Directions for this task:
Everything in the records below from the line containing "hallo herbstgrußfahne november" through the line containing "La ville de Panama, Panama" is to be reproduced exactly, those two lines included; no picture is to be copied.

START Material for this exercise

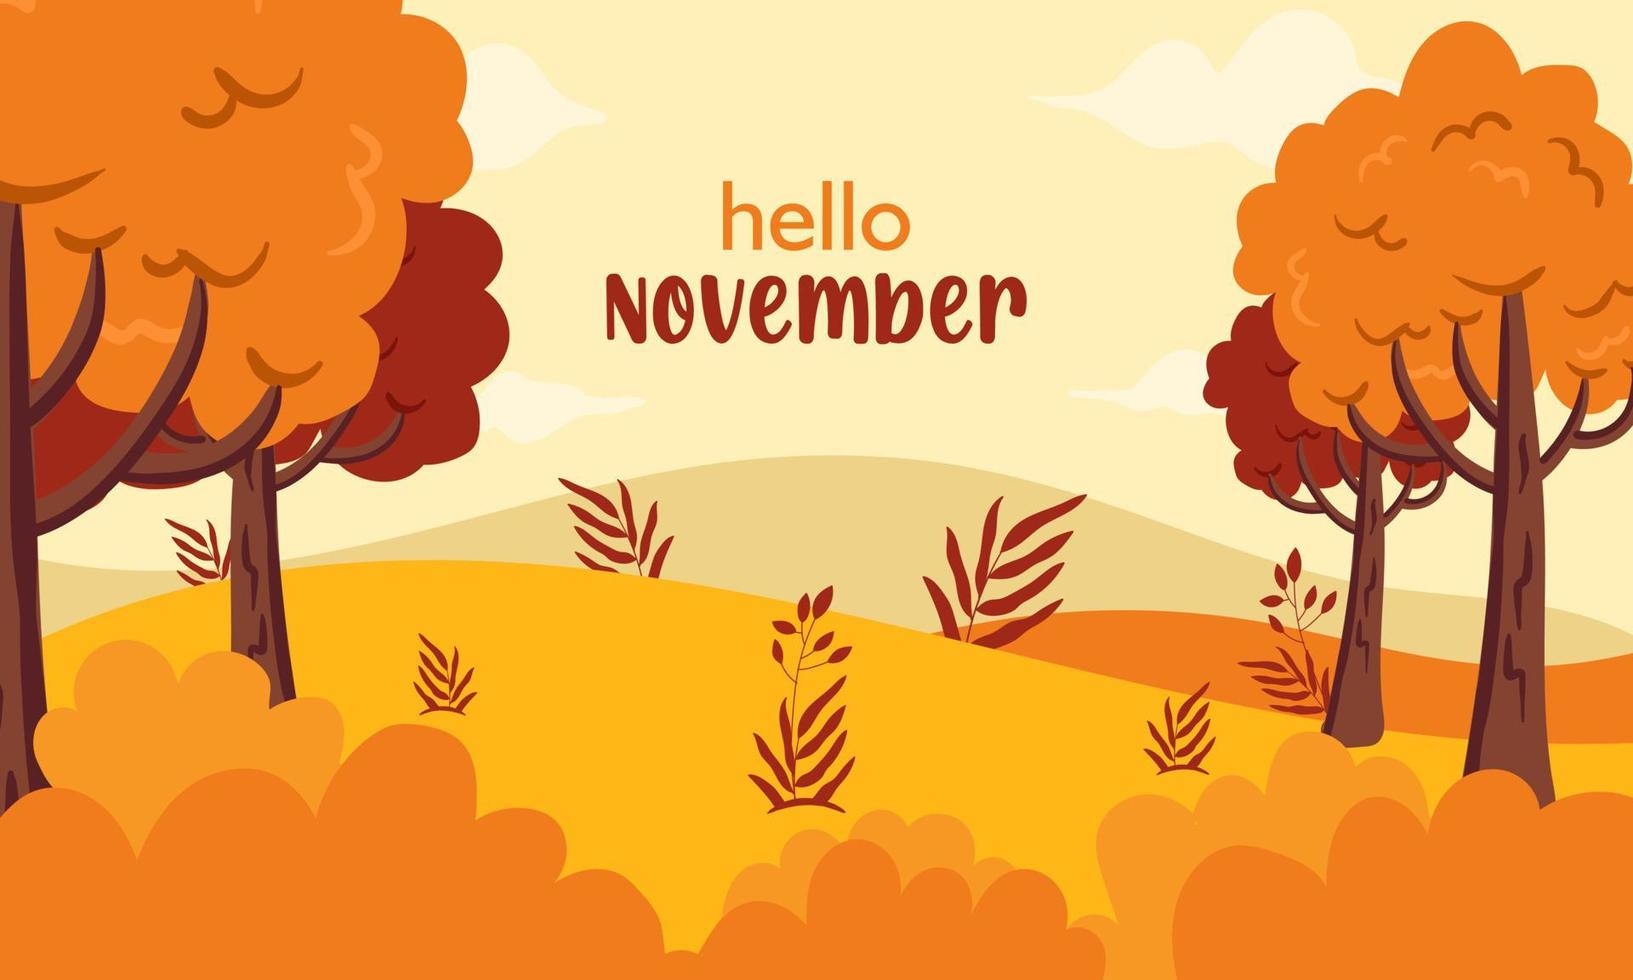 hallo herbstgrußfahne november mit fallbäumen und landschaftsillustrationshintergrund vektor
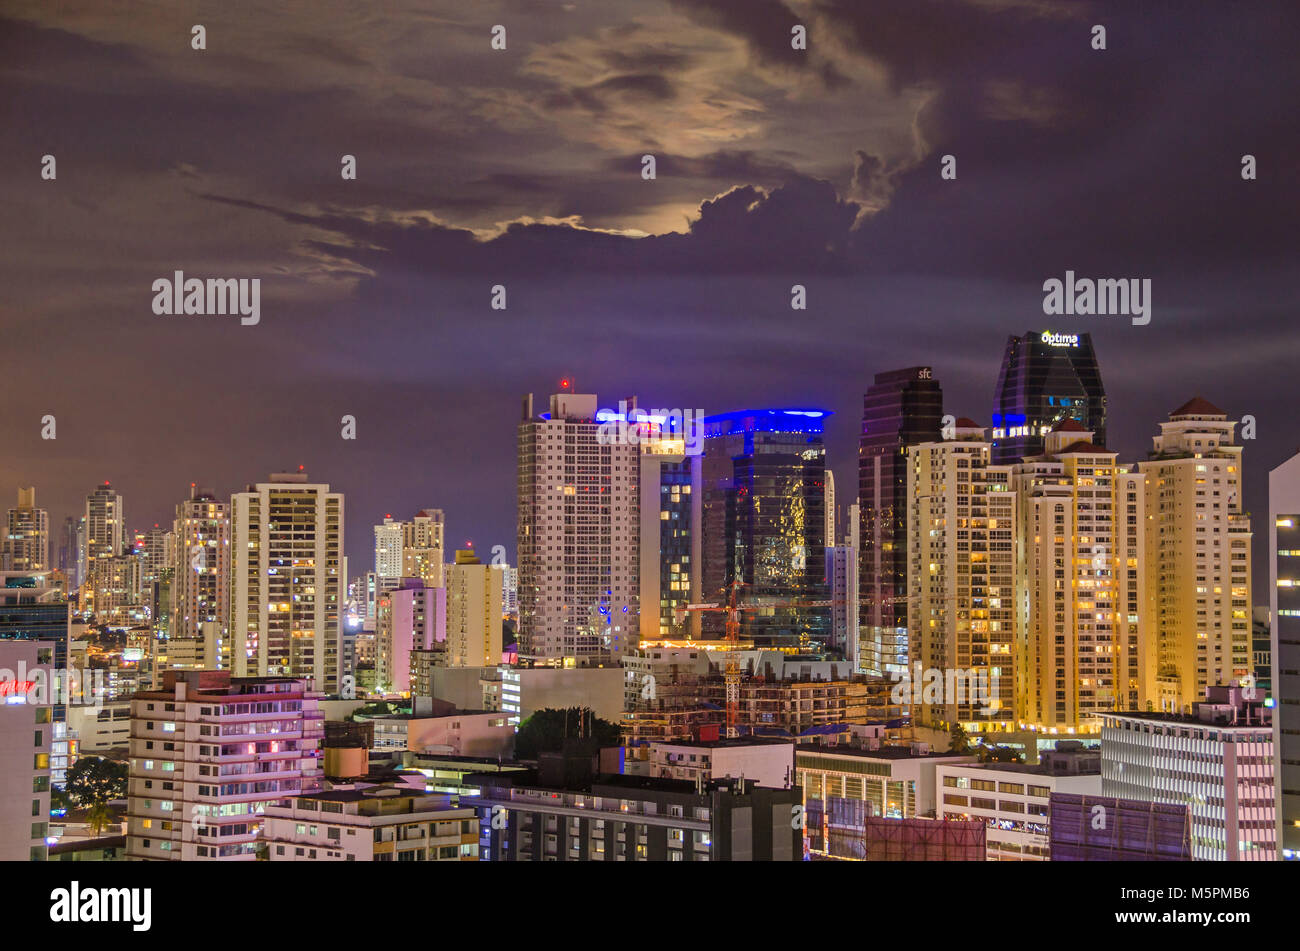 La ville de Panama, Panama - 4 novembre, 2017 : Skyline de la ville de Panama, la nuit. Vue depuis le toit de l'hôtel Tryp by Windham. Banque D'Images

END Material for this exercise
START Material for this exercise

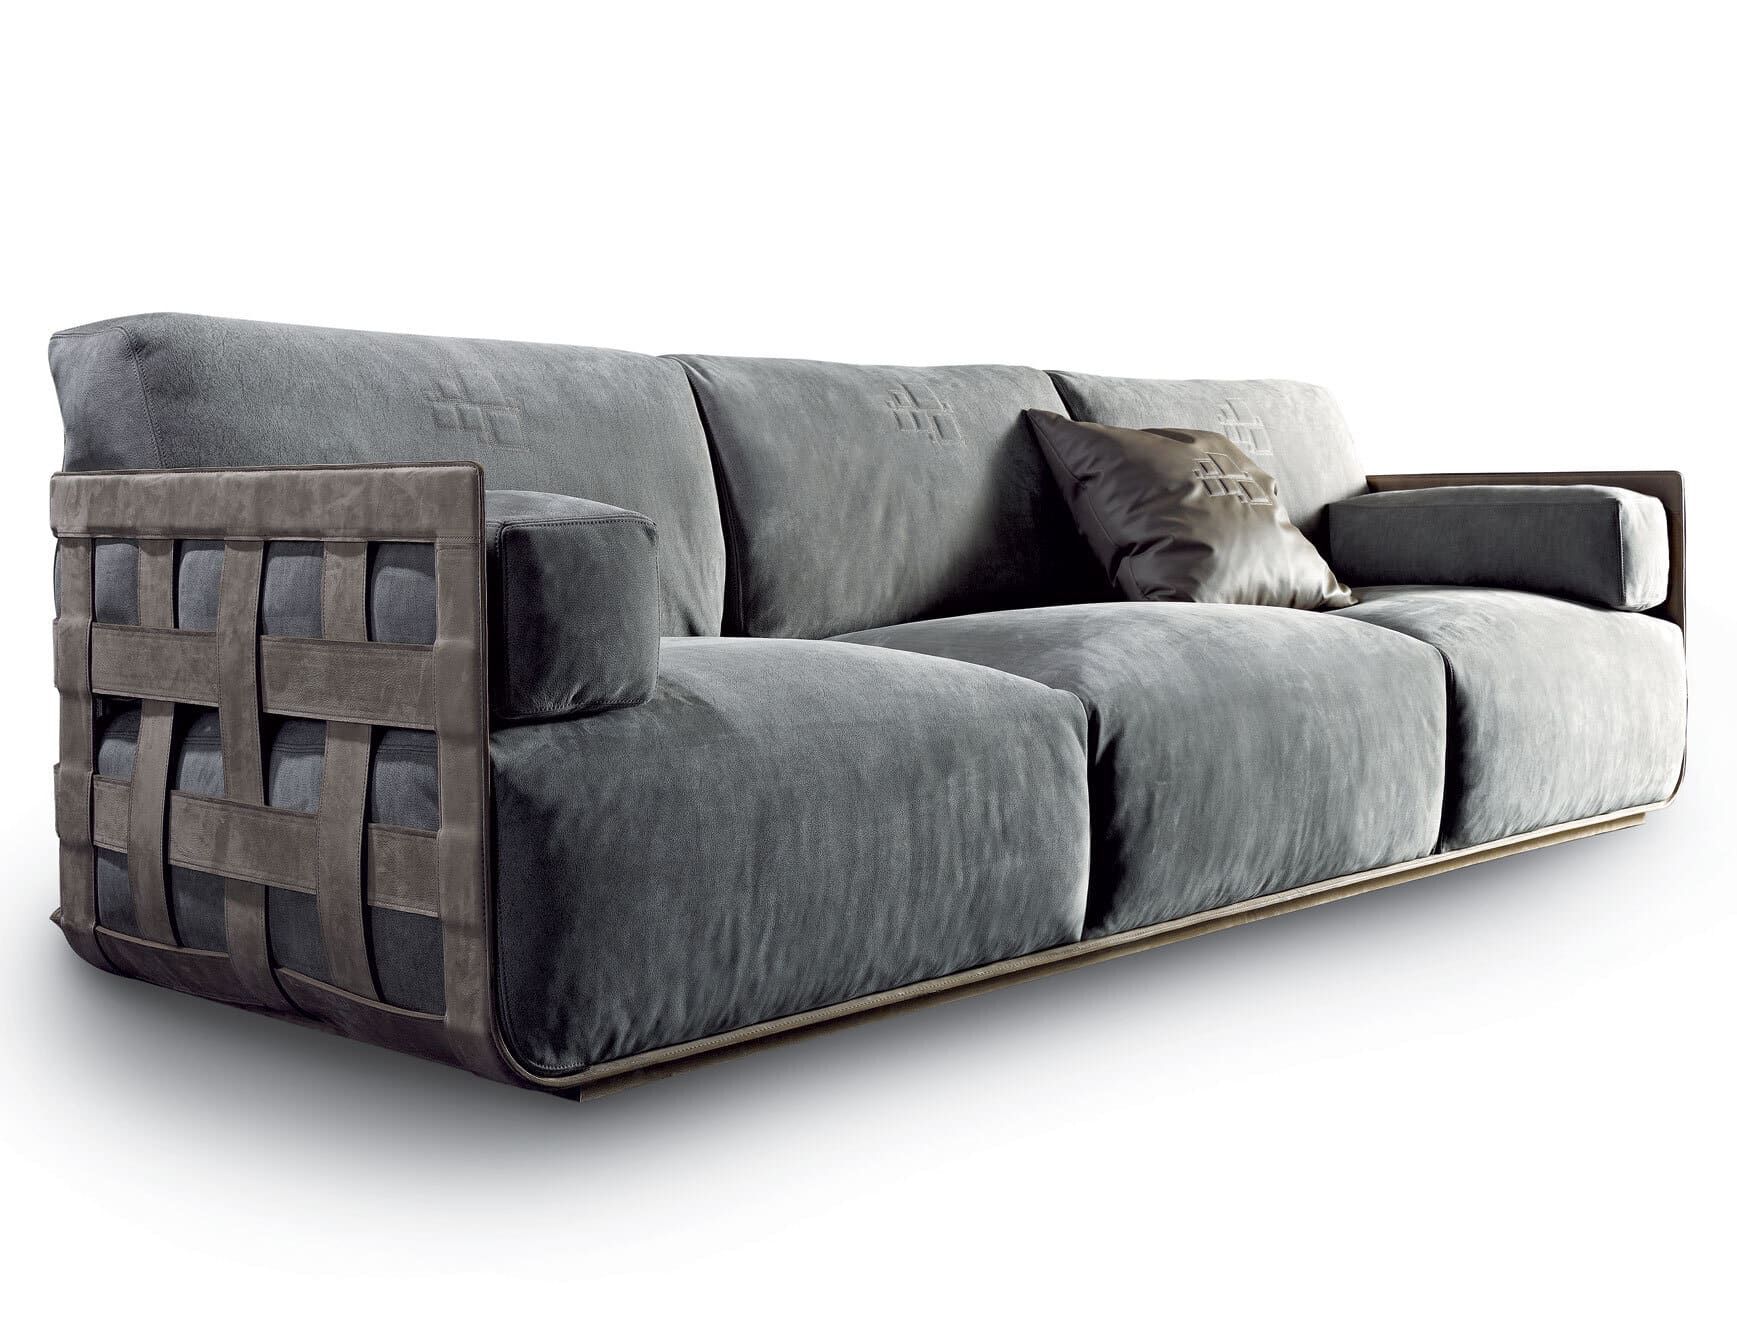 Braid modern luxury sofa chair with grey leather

END Material for this exercise
START Material for this exercise

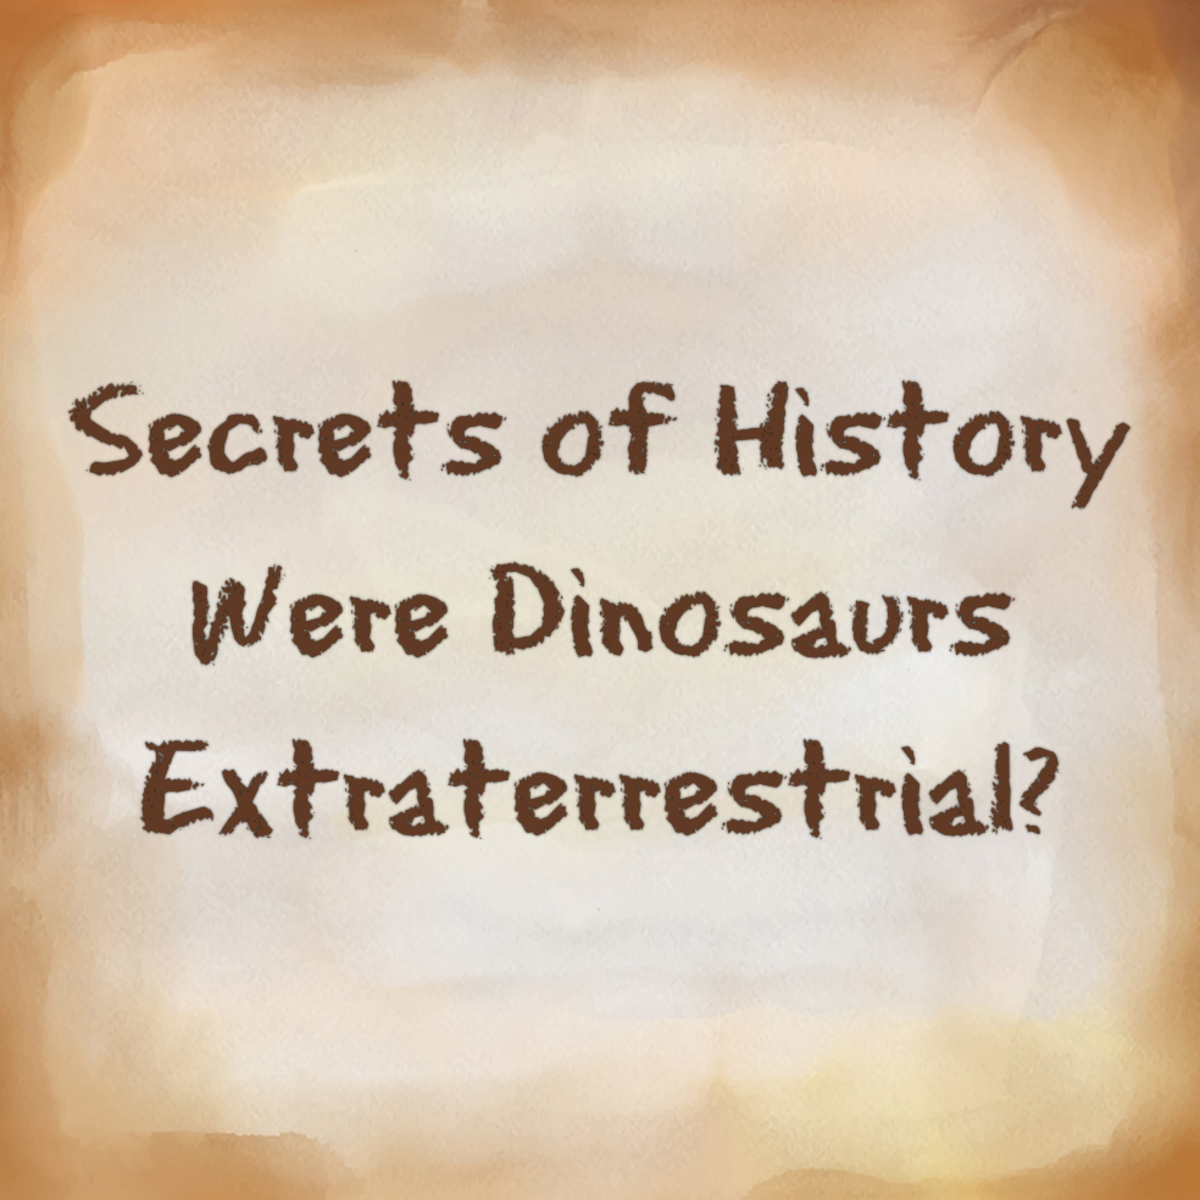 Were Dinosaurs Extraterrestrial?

END Material for this exercise

Result of this task:
 hallo herbstgrußfahne november mit fallbäumen und landschaftsillustrationshintergrund vektor
 La ville de Panama, Panama - 4 novembre, 2017 : Skyline de la ville de Panama, la nuit. Vue depuis le toit de l'hôtel Tryp by Windham. Banque D'Images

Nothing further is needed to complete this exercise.